The terms ‘precision medicine’ and ‘personalised medicine’ are essentially interchangeable for most situations. The term ‘companion diagnostics’ is sometimes used to describe technology in this area. Personalised medicine is based on the realisation that, since patients form subgroups which respond differently to medical treatments, each patient should be given the treatment most appropriate for the subgroup to which he or she belongs. This approach is presently most advanced for cancer, where therapy is increasingly tailored to the type of cancer the patient has.
|The President was good at choosing subgroups|
We now know that many drugs only work in a subgroup of patients, and so they have a low efficacy when given to ‘all’ patients. That low efficacy can prevent a drug gaining regulatory approval and heathcare providers will also be reluctant to buy drugs which are ineffective in many patients. The development of companion diagnostics can solve these problems by allowing prediction of the subgroup in which the drug will work.
Problems in patenting personalised medicines
In Europe personalised medicine inventions will need to ‘fit into’ medical use claims. If, for example, we know that the subgroup in which the drug works has a particular genetic marker Z, then the claim can take the form below, which tends not to raise too many eyebrows at the EPO:
‘Drug X for use in a method of treating condition Y in an individual, wherein the individual has genetic maker Z’However if patentability lies in a ‘new’ method of detecting a genetic marker that is already known in that disease context, then things get more complicated. Claims along the following lines need to be attempted:
‘Drug X for use in a method of treating condition Y in an individual identified as having genetic marker Z using [new method of detecting Z]’
‘Drug X for use in a method of treating condition Y, wherein said method comprises testing an individual using [new method of detecting Z] to determine whether the individual has genetic marker Z, and providing treatment if the individual is identified as having genetic marker Z’
|The EPO Examiner was not convinced that|
multistep medical use claims were allowable
Leniency at the EPO – is this due to the particular approach to ‘inherency’?

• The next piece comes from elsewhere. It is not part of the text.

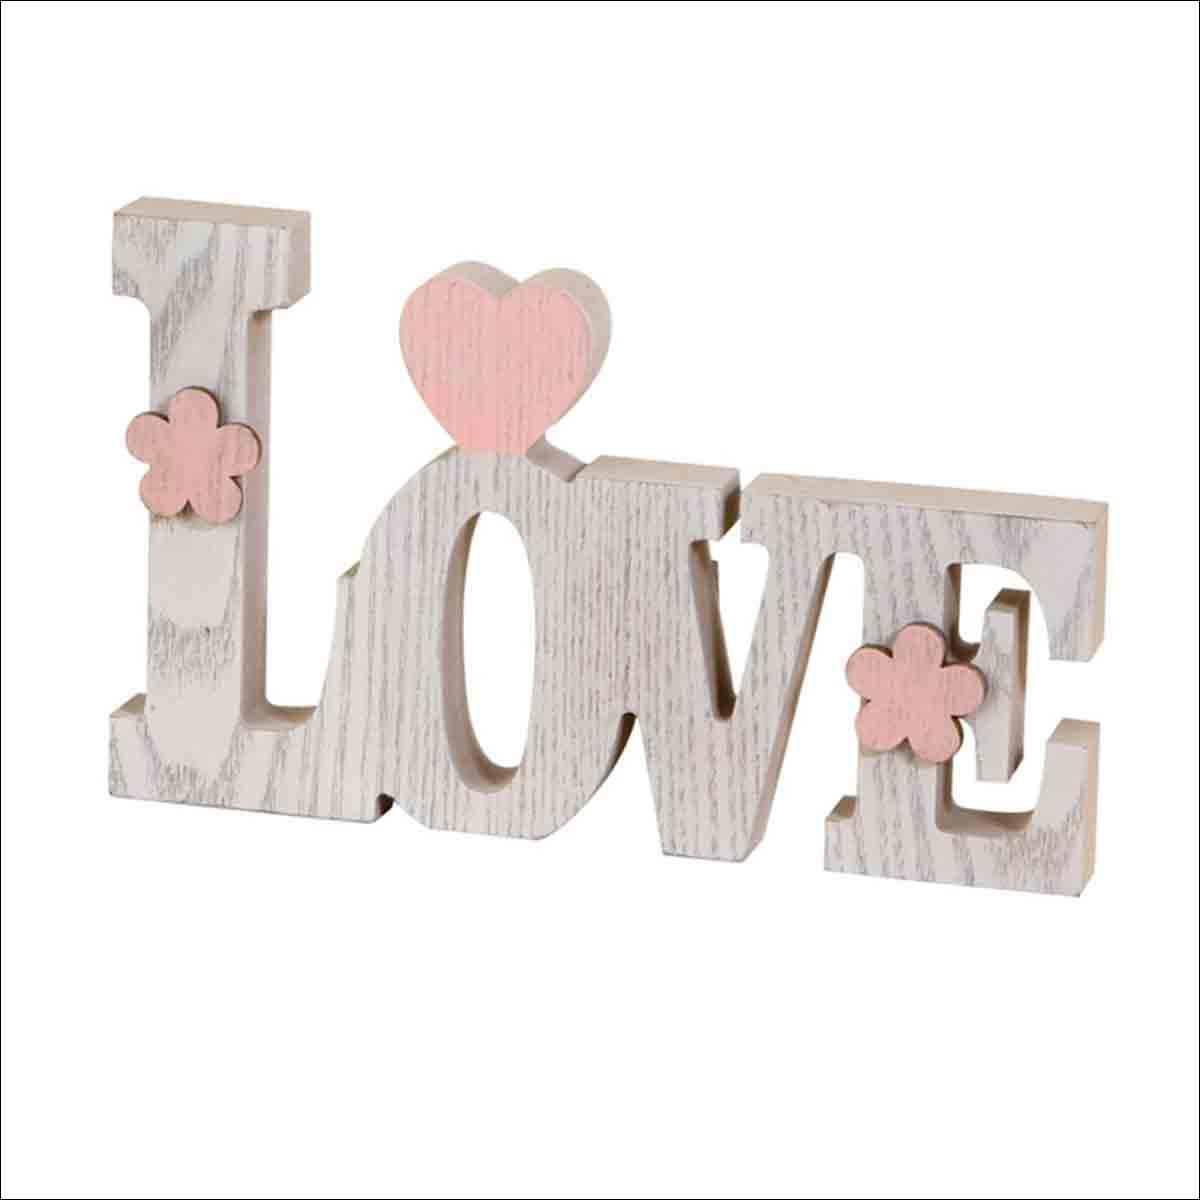 letras decorativas love de madera

Decision T734/12 of May 2103 seems to represent the EPO’s present position on the matter. In this case the Board overturned the Opposition Division’s previous finding of lack novelty based on the Division’s approach there should not be an ‘overlap’ of the patient population defined in the claim with the population defined in the prior art. It now seems that an ‘overlap’ does not prevent a subgroup being novel, and clearly such a lenient approach is helpful in protecting personalised medicine inventions.
Some commentators have described this way of looking at the novelty of a patient population as ‘selection invention’ test. However this Kat disagrees, and believes that it comes about as a result of the EPO’s approach to inherency in medical treatment situations. Essentially, in most situations, the EPO will not view a medical treatment which occurs inherently in the prior art as being publicly disclosed unless the prior art explicitly mentions it. Those familiar with US practice will know that the opposite is true there: all inherent ‘medical treatments’ are assumed to be disclosed in prior art that describes administration of a drug to a patient. The EPO’s view means that the ‘inherent’ treatment of a subgroup is not disclosed by prior art describing giving the drug to ‘all’ patients. Though it is not relevant to the present situation readers may be interested in this ‘K’s Law’ post on inherency at the EPO.
The disastrous situation in the US
We still do not know what the full impact of the Mayo decision will be in the US, but it is clear that this decision is potentially very far-reaching and is presently causing difficulties in examination of inventions relating to diagnostics. The diagnostics and personalised medicines industry is having to cope with the tremendous uncertainty of not knowing what is patentable in their area. The recent Interim Guidance on defining eligible patent matter (see Katpost here) provides little information about how the United States Patent and Trademark Office (USPTO) will assess eligibility of a claim to a diagnostic based on a natural correlation. This Kat notes how in the Mayo decision the Supreme Court took a very strict position, not wanting the development of future ways of measuring the metabolite to be inhibited by a patent claim. If that principle does become relevant to assessing the eligibility of diagnostics inventions, clearly the scope of protection that can be obtained will be severely curtailed. A patent could then only cover use of the known specific techniques to measure a correlation. In fast-moving fields where new assay techniques are being continuously developed the real term of effective protection could then be quite short.
|The Mayo decision had caused mayhem|
The ethics of personalised medicines
Soon after the President’s initiative was announced ‘The New Yorker’ posted this article about a case where a young girl was misdiagnosed by a genetic test as having the very serious condition DiGeorge syndrome. It raises the issue of whether doctors, patients and relatives are ready for the information that genetic testing will bring. This Kat wonders about the implications of having ‘treatable’ and ‘non-treatable’ patient groups defined by their genetics, and making decisions on whether to treat people based on tests which are not yet 100% accurate. Readers interested in knowing more may want to see this article on the ethical, legal and regulatory issues around personalised medicines.